Besides the naïvely trusting Daniel, the feds take Picker’s word as a star informant. Agent Frank Cooper (Stephen McHattie) desperately seeks a scoop having been passed over for a promotion. He puts blind faith in Glen’s word that he can deliver the top guy in B.C.’s drug scene. The case hits at the height of Ronald Reagan and George H. W. Bush’s war on drugs. The pressure’s on the Canucks to contribute something to the dog and drug mule show, and Daniel looks to be it. McHattie, channelling the darkness seen earlier his year in Dreamland, creates an ugly villain that evokes the larger systemic poison that rigs the justice system. The film benefits from its release’s coincidence with thundering chorus of calls for police reform and should add to the conversation.
Piecing the Puzzle
The storyline with Malarek occurs slightly later chronologically as the journalist questions the case’s sketchy details. He asks rosy questions of the feds and riles up Thai officials. His nose, reared on seasoned, on-the-ground, investigative journalism knows when an absence of facts tells a different story. The dual threads gradually align as Malarek pieces the case together. Roby gently reveals the connections without complicating the drama. The quick and precise editing by Yvann Thibaudeau lets the complementary narratives unfold like a Rubik’s Cube coming together with each shard of Target Number One ratcheting up the tension as characters collide.
Roby makes an impressive step up as a director, delivering the kind of commercial cinema to which Canada often aspires, but too rarely achieves. Drawing upon his mega-success with the Quebecois hit Louis Cyr and the big-budget spectacle of Just a Breath Away, the film has a distinct Canadian character in addition to muscles worthy of Hollywood. This handsomely shot and tightly crafted thriller grabs the audience for 135 adrenaline-pumping minutes.
Target Number One is Midnight Express meets Spotlight
The film also finds two solid leads in Pilon and Hartnett. Pilon, best known for his performance in Xavier Dolan’s Mommy, delivers on the expectations of his breakthrough work. His Daniel is a lost boy, a directionless youth lured by cheap thrills and driven by terrible judgment. Where many prison drama leads might emphasize a character’s strength, Pilon favours Daniel’s vulnerability. Even before the young man steps foot in the Thai prison, he’s in way over his head. This sentiment invites empathy while underscoring the gross injustice his true-life counterpart faced as an easy scapegoat. Hartnett similarly reminds us why he was a top star at Pilon’s age and demonstrates his maturity as an actor. It’s refreshing to see him create a lived-in character, while letting a journalist like Malarek be a heartthrobby leading man.

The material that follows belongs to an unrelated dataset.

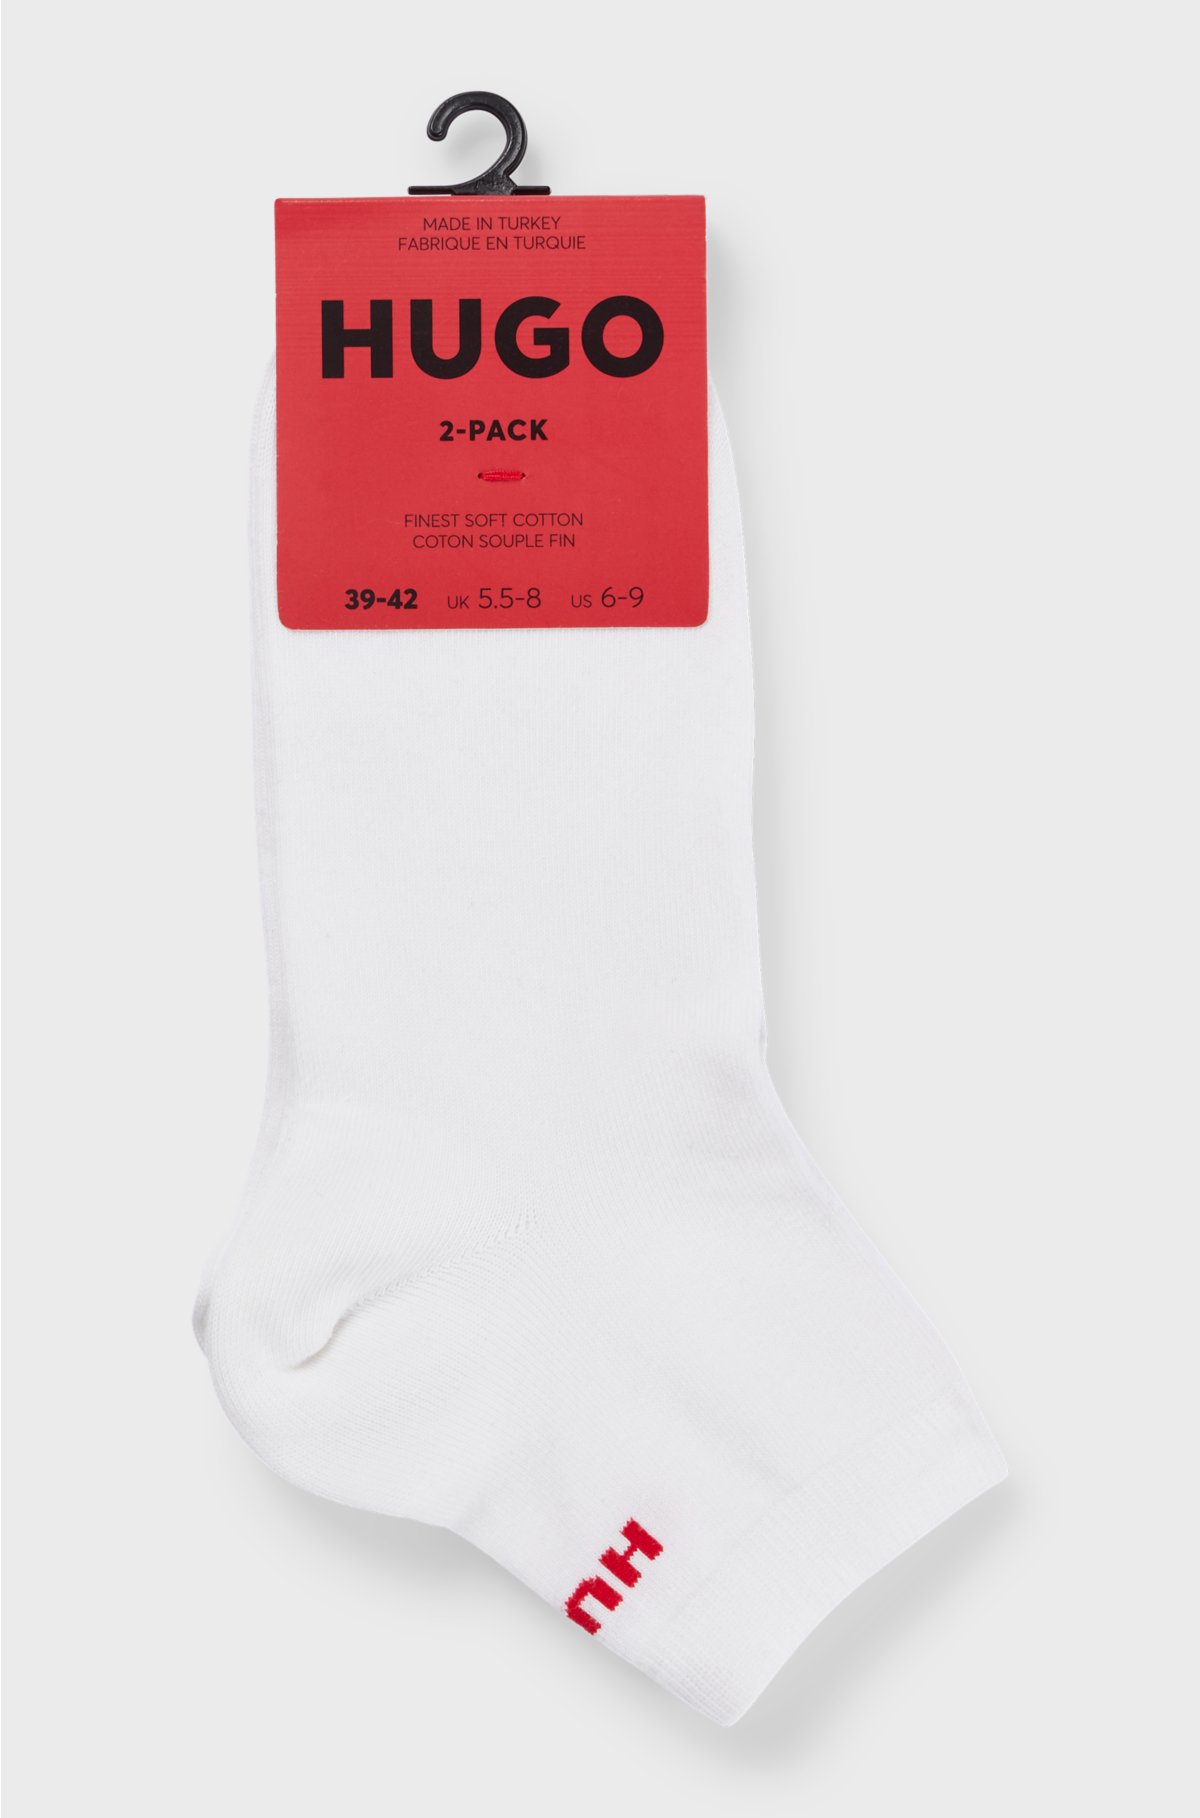 Two-pack of short-length logo socks, White

Target Number One provides great entertainment while also doing justice to the story it tells. On the heels of 2020’s ripped-from-the-headlines facepalm, Run This Town, which dramatized former Toronto mayor Rob Ford’s crack-smoking scandal, Target Number One offers a rebound for the Canucks as a true story done right. Run This Town infamously erases Toronto Star journalist Robyn Doolittle and credits a rookie white guy for breaking the story. However, Target Number One doesn’t make the same mistake. It honours the risk-takers at the heart of its story, and the thrills come as much from Malarek’s pursuit of the truth as from Léger’s quest for freedom. The film owes as much to Spotlight as it does to Midnight Express with its celebratory portrait of old-school investigative journalism. It’s a tough and hugely entertaining drama about homegrown Canadian scandals seen too rarely. More people should be talking about it.
Target Number One is now playing in Vancouver, Quebec, British Columbia, Alberta, Nova Scotia and New Brunswick with expansion to follow in line with theatre re-openings.